Medvedev said the sanctions gave Russia a good reason to pull out of a dialogue on nuclear stability and, potentially, from the New Strategic Arms Reduction Treaty signed with Washington in 2010 and extended in 2021.
"We don't especially need diplomatic relations," Medvedev wrote on his verified page on Russian social network VK.Â
"It's time to padlock the embassies and continue contacts looking at each other through binoculars and gun sights."
Medvedev, a close ally of President Vladimir Putin and deputy head of Russia's security council, added that the West's "wonderful (sanctions) will not change a thing, of course".
Moscow will continue its military operations in Ukraine until it had achieved goals defined by President Putin as "demilitarisation and "denazification", he said.
"The sanctions are being imposed for one simple reason - political impotence arising from (the West's) inability to change Russia's course," Medvedev wrote.

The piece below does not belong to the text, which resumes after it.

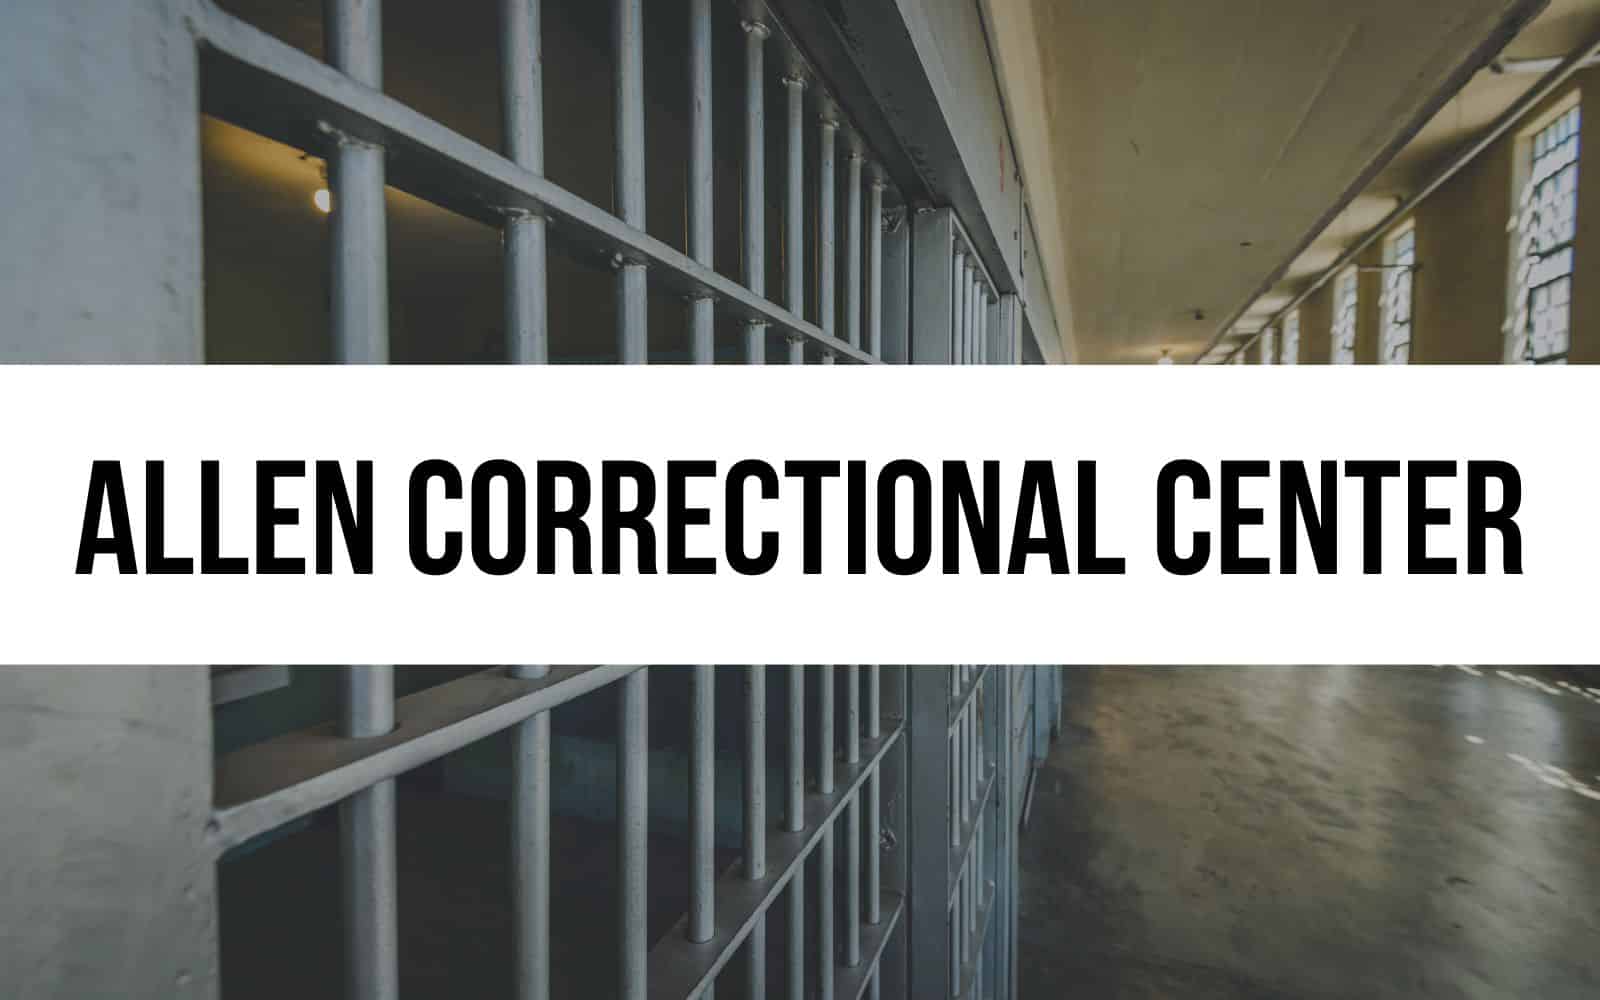 Allen Correctional Center
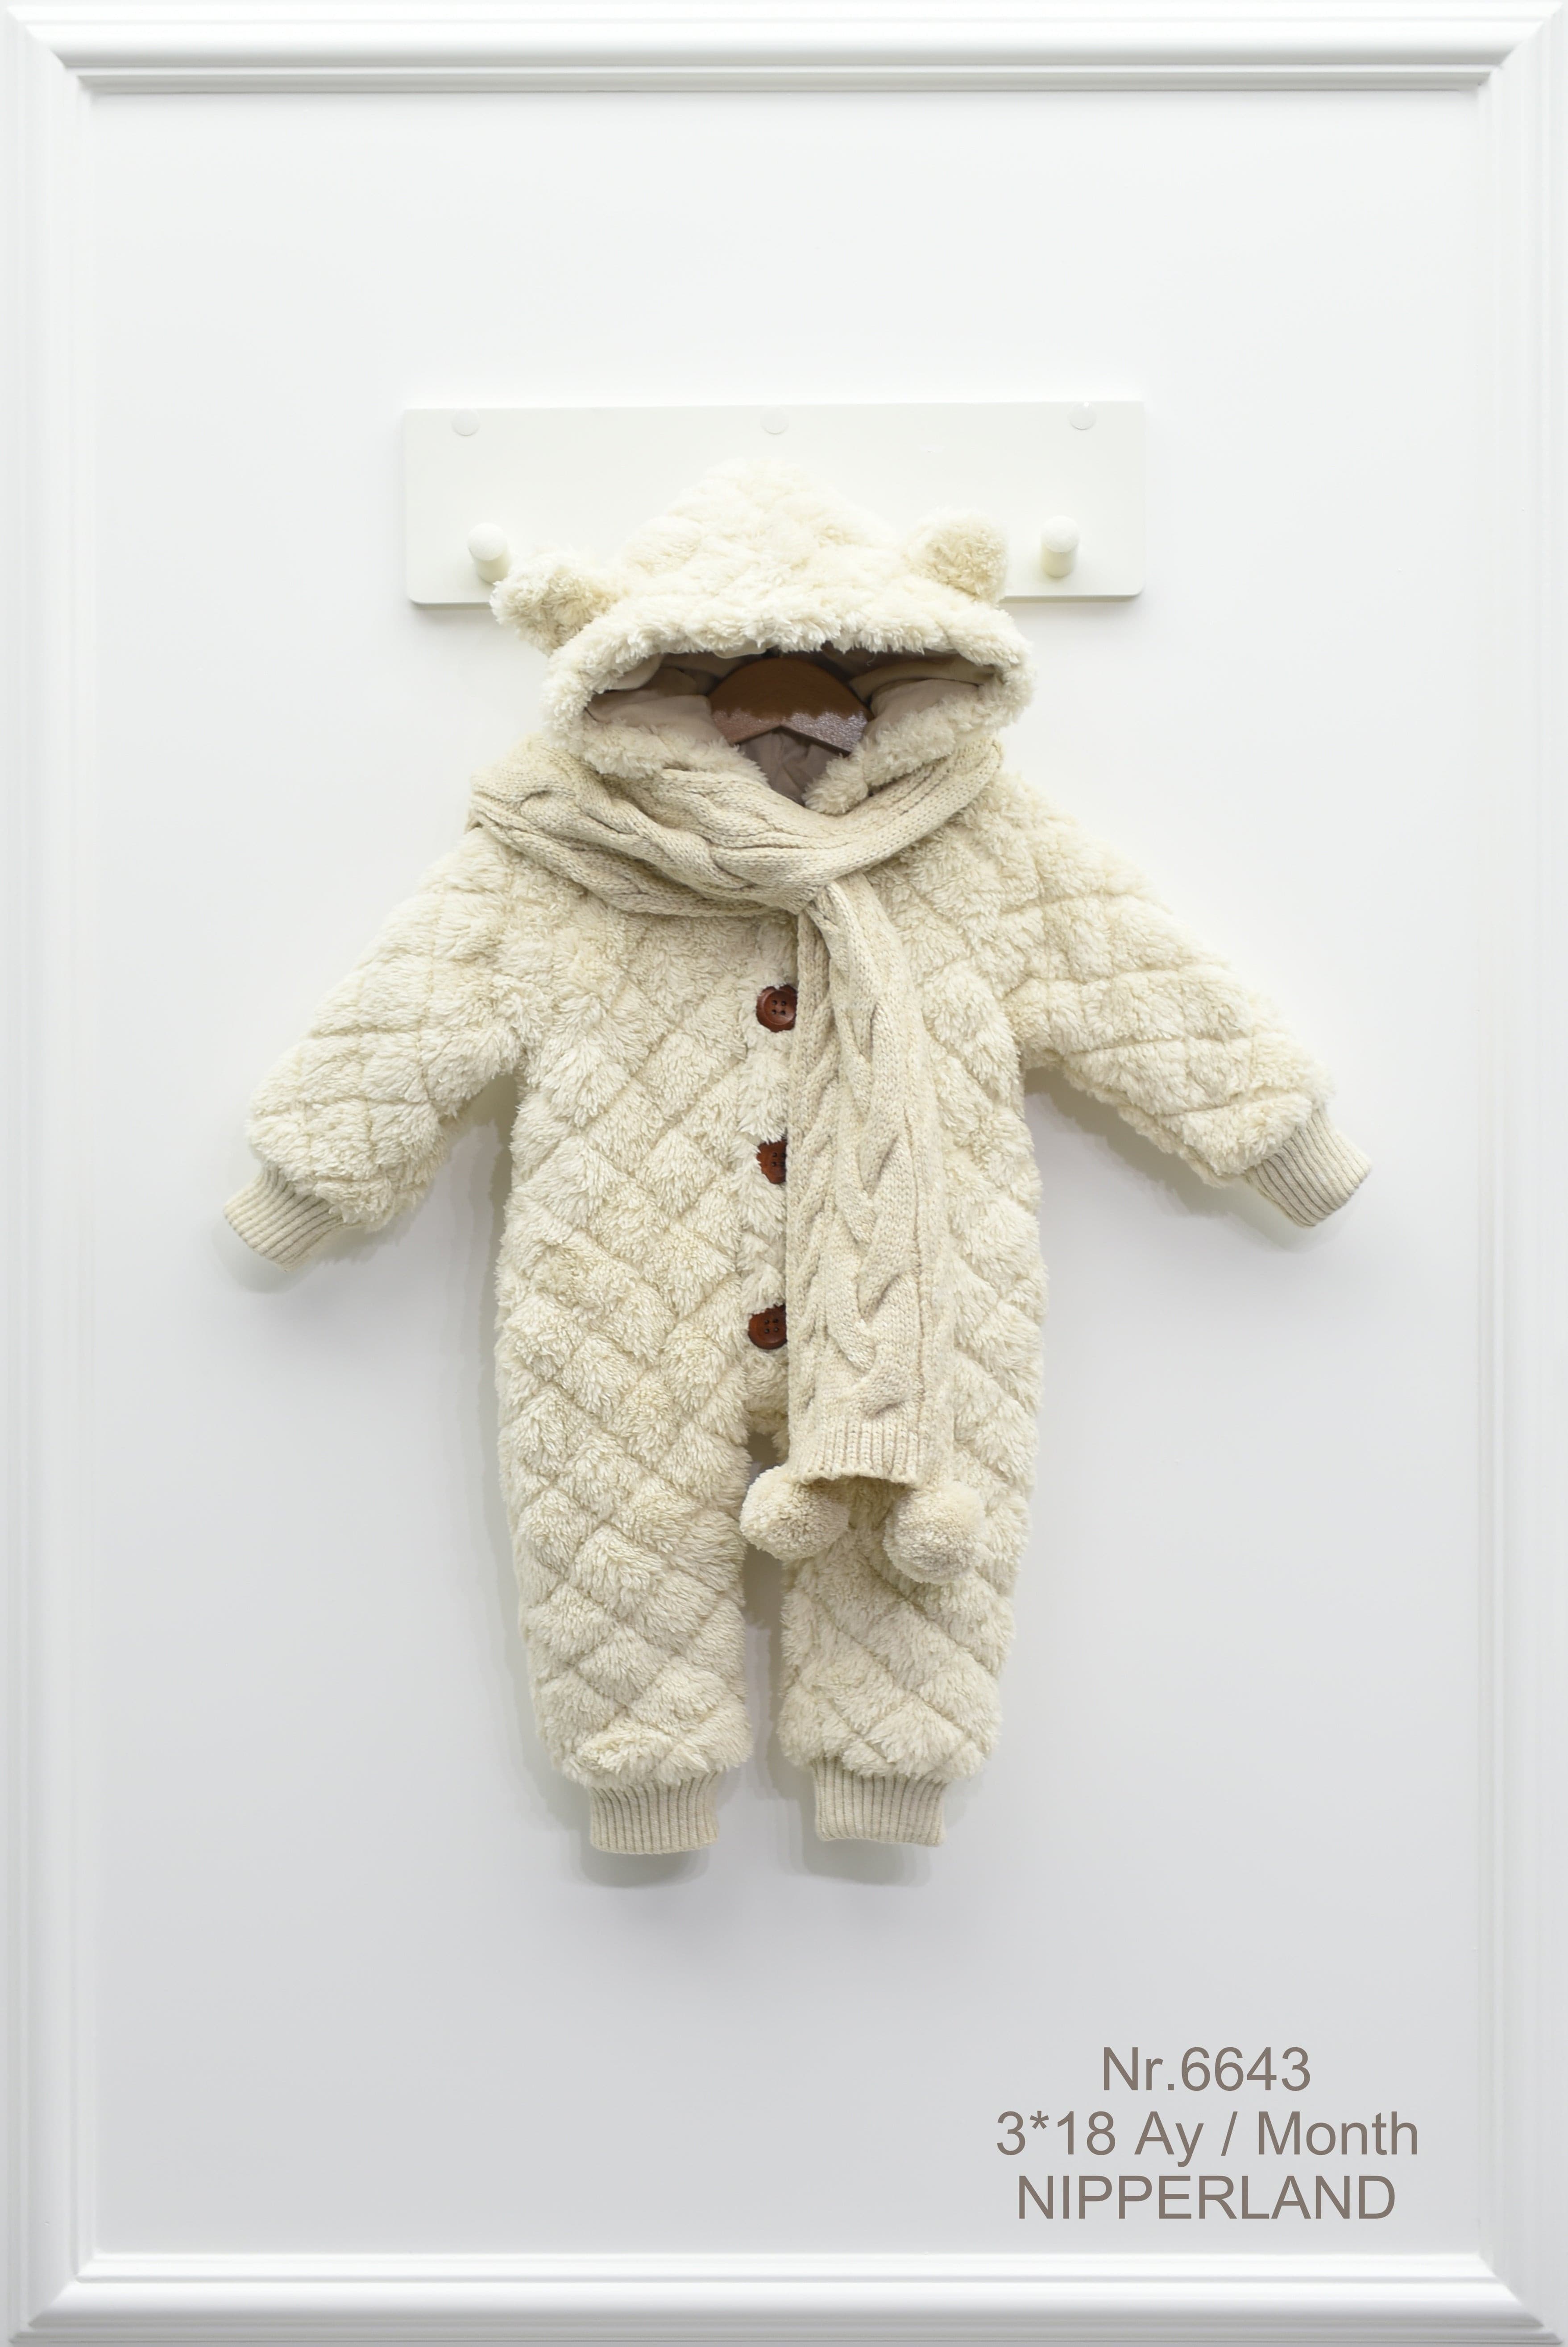 Nipperland Combinaison bébé confortable avec capuche, écharpe-6643

He condemned as "really unfair" a decision by the Council of Europe, a rights watchdog, to suspend Russian membership, but added the move provided a good reason "to slam the door" for good on the organisation, giving Russia an opportunity to restore the death penalty for dangerous criminals.
Russian forces pounded Ukrainian cities including the capital Kyiv with artillery and cruise missiles on Saturday for a third day running but President Volodymyr Zelenskiy said Kyiv remained in Ukrainian hands.